Stored data

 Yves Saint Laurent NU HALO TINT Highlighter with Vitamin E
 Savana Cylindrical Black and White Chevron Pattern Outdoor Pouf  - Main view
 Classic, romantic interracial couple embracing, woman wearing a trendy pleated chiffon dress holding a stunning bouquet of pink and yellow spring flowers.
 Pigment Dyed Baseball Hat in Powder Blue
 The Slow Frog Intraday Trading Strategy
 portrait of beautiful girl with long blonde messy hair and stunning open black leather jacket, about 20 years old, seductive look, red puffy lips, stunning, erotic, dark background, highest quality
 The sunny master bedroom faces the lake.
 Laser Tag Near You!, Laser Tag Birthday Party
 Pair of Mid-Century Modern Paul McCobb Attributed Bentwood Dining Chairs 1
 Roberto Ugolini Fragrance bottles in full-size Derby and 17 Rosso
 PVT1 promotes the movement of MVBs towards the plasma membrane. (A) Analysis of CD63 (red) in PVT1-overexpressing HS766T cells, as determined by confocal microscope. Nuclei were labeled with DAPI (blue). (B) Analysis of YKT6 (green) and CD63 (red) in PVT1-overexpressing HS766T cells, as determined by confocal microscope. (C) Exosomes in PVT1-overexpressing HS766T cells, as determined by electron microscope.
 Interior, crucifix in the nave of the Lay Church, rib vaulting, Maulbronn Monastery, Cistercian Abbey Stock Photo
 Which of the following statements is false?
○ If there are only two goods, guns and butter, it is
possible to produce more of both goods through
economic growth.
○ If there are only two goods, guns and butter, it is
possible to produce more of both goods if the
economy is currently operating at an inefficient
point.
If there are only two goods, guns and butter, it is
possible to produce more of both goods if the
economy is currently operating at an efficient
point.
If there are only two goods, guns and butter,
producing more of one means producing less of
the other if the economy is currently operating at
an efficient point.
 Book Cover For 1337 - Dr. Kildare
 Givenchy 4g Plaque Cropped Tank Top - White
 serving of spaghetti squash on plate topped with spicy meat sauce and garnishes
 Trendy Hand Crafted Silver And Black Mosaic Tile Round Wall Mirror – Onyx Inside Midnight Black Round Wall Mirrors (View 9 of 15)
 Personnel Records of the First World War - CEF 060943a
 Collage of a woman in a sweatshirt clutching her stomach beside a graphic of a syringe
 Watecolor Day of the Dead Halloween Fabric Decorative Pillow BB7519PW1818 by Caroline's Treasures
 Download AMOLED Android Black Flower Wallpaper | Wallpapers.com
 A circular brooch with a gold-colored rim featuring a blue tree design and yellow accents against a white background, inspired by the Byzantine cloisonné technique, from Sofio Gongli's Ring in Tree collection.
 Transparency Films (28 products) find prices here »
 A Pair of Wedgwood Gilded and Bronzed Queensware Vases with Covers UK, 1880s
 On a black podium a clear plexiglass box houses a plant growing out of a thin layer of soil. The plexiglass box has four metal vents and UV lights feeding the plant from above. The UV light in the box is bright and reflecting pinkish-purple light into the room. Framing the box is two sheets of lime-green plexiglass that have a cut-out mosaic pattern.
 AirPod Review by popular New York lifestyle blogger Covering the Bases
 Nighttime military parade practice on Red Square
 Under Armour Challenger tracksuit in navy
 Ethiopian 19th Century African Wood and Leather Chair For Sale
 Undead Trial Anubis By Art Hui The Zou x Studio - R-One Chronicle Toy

Task> Lines from the first one above through the line containing "Pair of Mid-Century" are to be retyped exactly, both included, and nothing more.

Task result>
 Yves Saint Laurent NU HALO TINT Highlighter with Vitamin E
 Savana Cylindrical Black and White Chevron Pattern Outdoor Pouf  - Main view
 Classic, romantic interracial couple embracing, woman wearing a trendy pleated chiffon dress holding a stunning bouquet of pink and yellow spring flowers.
 Pigment Dyed Baseball Hat in Powder Blue
 The Slow Frog Intraday Trading Strategy
 portrait of beautiful girl with long blonde messy hair and stunning open black leather jacket, about 20 years old, seductive look, red puffy lips, stunning, erotic, dark background, highest quality
 The sunny master bedroom faces the lake.
 Laser Tag Near You!, Laser Tag Birthday Party
 Pair of Mid-Century Modern Paul McCobb Attributed Bentwood Dining Chairs 1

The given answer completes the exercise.